**Exercise aim:** From the line that holds "Men's grey leather" to the last line below, retype everything exactly and nothing else; omit pictures.

**Dataset section:**
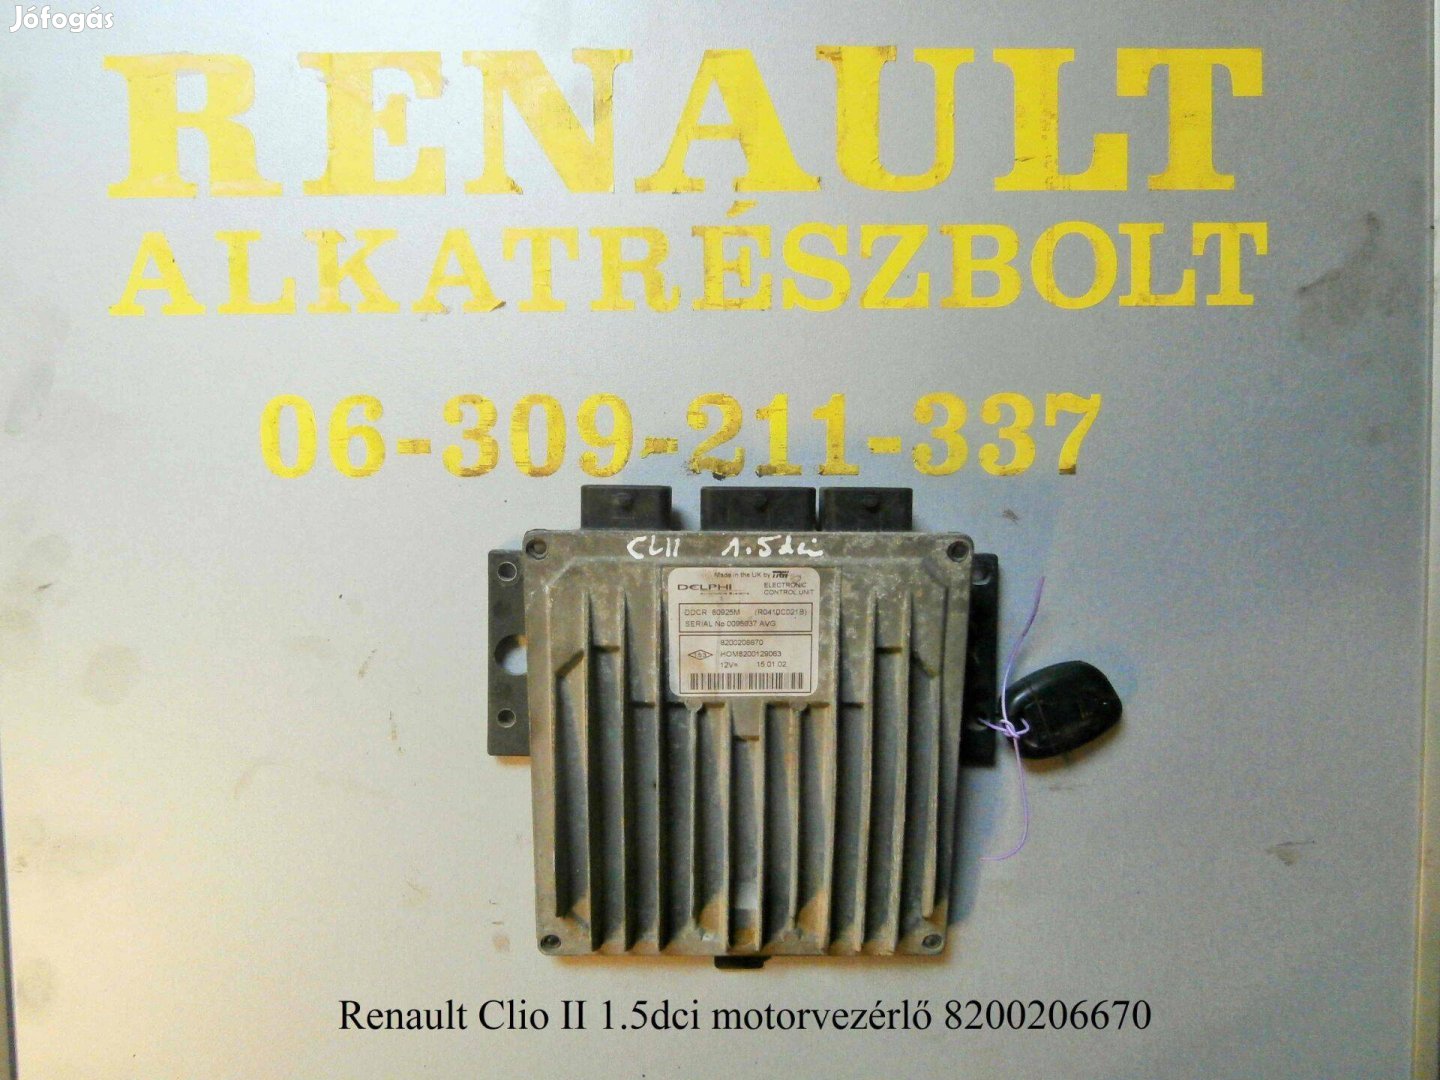 Renault Clio II 1.5dci motorvezérlő 8200206670
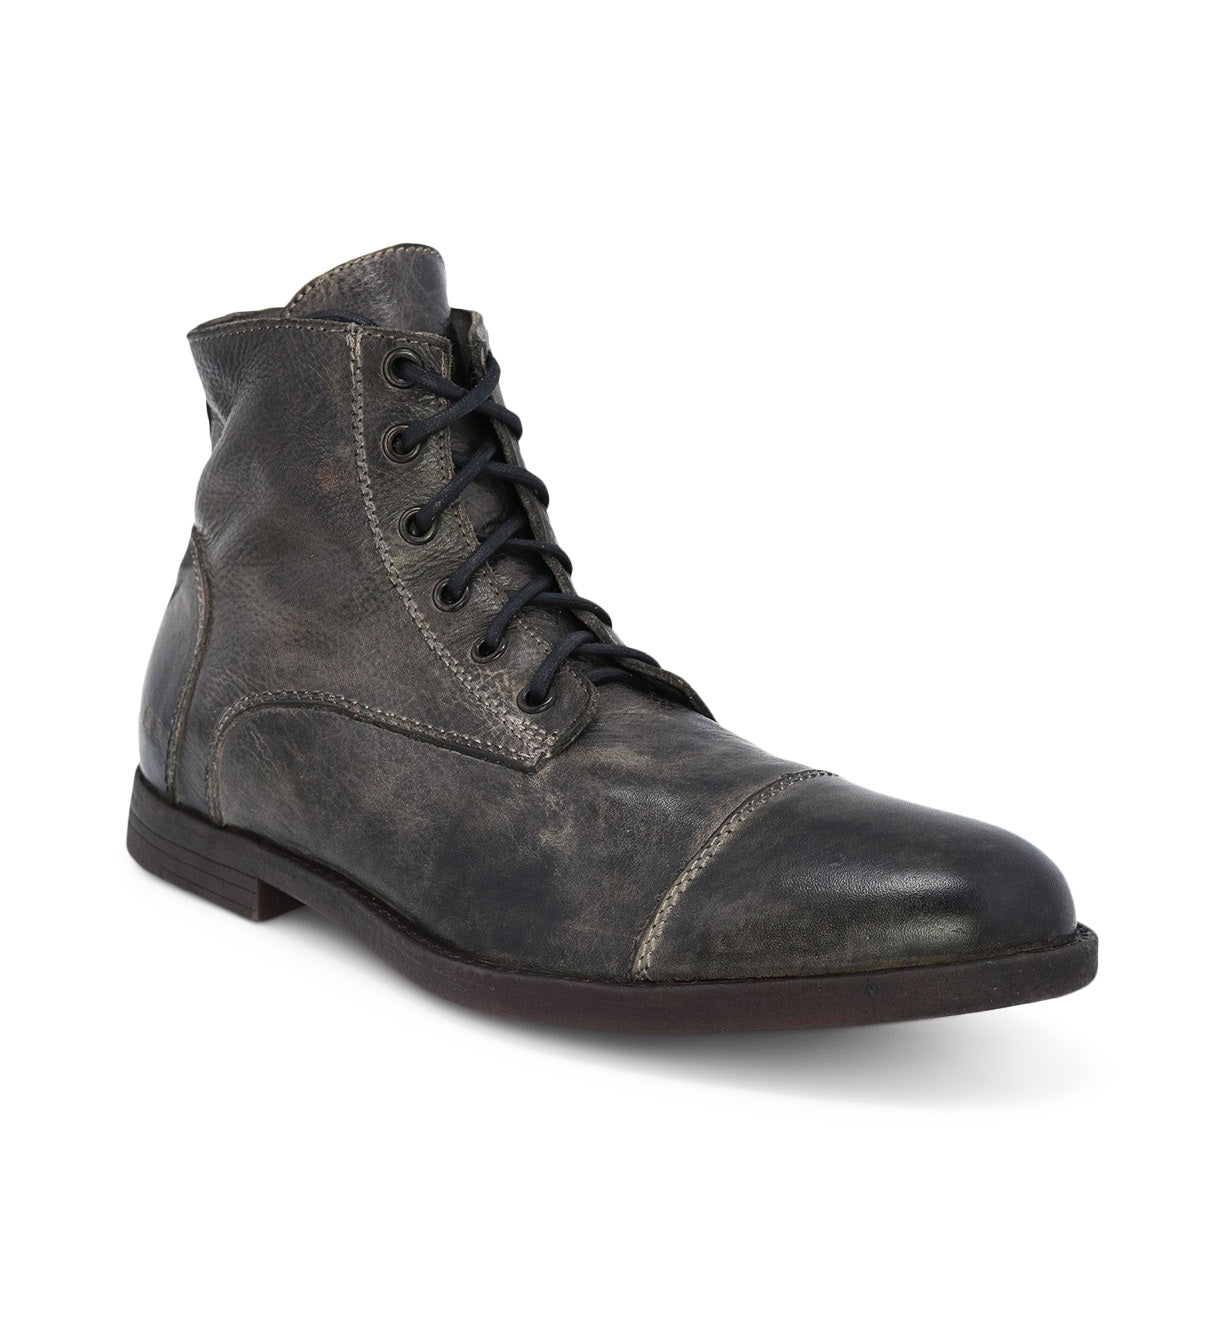 Men's grey leather lace up Bed Stu Leonardo boots.
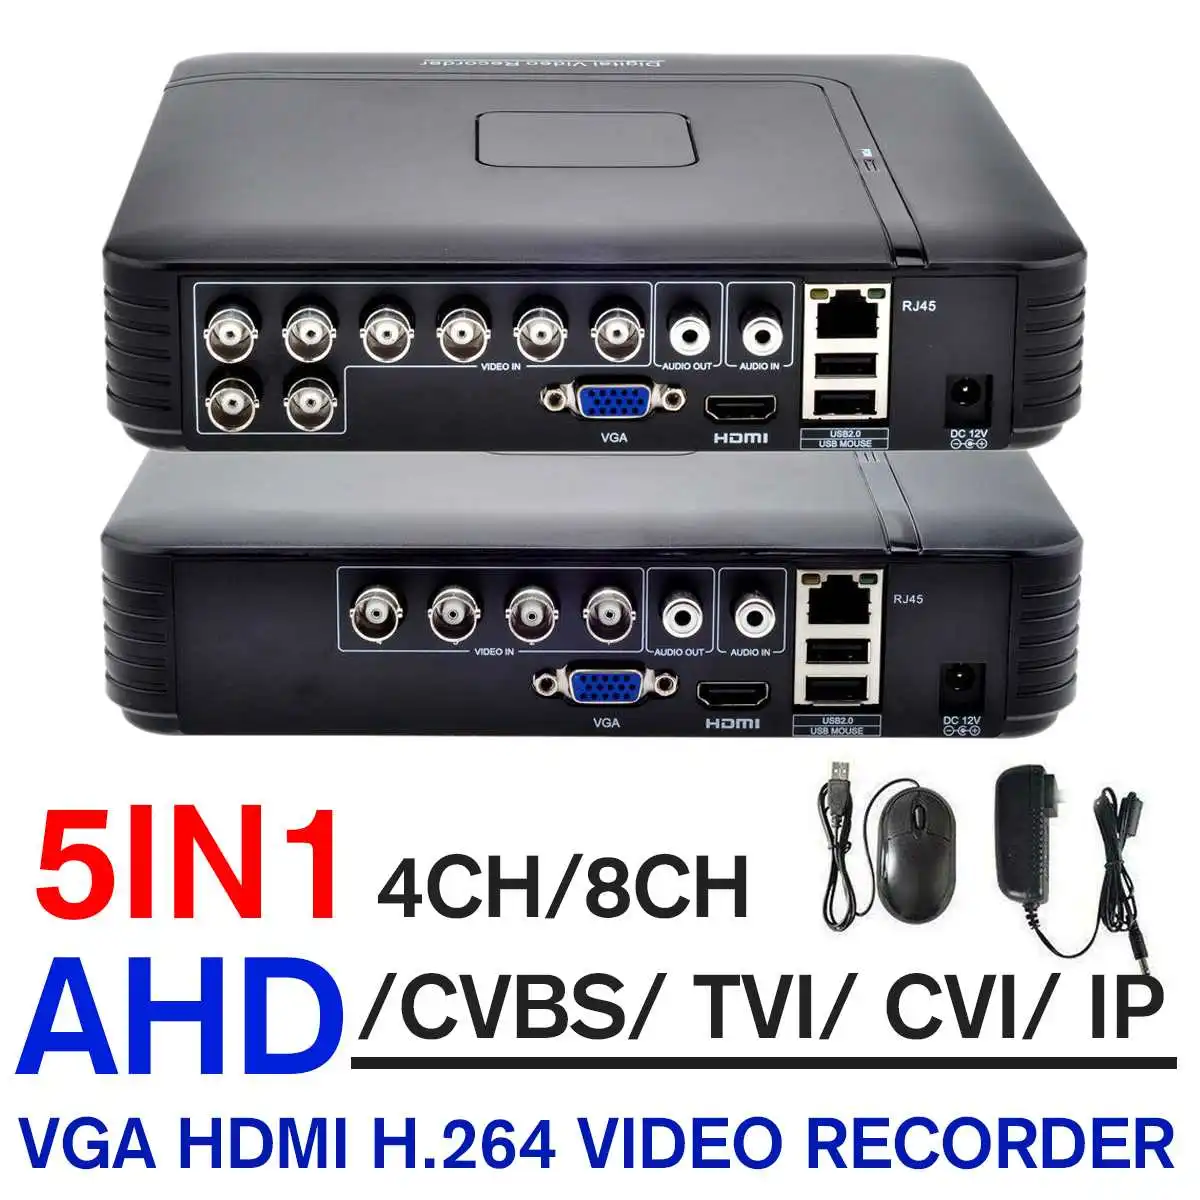 

NEW H.264 4CH 8CH 1080P 5 in 1 DVR Video Recorder for AHD Camera Analog Camera IP Camera P2P NVR CCTV System DVR VGA HDMI

**Answer box:**
 Men's grey leather lace up Bed Stu Leonardo boots.

NEW H.264 4CH 8CH 1080P 5 in 1 DVR Video Recorder for AHD Camera Analog Camera IP Camera P2P NVR CCTV System DVR VGA HDMI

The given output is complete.